-------- Data --------

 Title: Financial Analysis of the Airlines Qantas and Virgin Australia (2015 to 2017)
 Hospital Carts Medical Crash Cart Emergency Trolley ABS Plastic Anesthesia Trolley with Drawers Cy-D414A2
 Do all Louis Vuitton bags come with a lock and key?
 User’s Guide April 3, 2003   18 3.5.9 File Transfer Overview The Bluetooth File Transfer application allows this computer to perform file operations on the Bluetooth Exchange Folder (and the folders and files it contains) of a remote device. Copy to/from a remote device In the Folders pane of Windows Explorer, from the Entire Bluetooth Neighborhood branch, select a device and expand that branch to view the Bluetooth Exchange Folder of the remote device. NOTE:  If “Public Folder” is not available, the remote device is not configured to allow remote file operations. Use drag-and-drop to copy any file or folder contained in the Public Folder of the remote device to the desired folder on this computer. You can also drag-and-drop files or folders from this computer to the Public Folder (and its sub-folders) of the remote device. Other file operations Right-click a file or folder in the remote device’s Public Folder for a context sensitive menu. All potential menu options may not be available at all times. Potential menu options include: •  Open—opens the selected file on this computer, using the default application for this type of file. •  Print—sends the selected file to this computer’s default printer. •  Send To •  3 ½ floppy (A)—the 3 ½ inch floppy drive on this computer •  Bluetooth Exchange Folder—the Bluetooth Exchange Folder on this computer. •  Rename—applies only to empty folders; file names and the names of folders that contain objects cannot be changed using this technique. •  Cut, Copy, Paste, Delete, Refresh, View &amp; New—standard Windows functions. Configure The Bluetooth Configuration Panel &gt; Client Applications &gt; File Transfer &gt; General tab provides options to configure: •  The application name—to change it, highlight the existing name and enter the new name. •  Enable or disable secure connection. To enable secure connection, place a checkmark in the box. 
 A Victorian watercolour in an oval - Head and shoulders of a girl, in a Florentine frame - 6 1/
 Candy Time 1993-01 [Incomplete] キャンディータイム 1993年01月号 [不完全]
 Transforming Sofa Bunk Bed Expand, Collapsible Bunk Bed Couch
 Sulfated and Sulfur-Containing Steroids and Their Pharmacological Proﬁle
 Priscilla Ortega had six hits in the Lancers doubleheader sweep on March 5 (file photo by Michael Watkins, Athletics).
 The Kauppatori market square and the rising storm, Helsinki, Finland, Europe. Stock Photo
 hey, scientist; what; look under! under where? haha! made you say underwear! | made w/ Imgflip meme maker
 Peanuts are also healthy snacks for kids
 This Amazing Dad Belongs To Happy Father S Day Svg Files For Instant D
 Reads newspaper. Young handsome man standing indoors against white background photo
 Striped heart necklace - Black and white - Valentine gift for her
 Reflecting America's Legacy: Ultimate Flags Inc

--------

Only a number is expected in reply: how many lines of the entries hold the word "white"?

**Answer area:**
2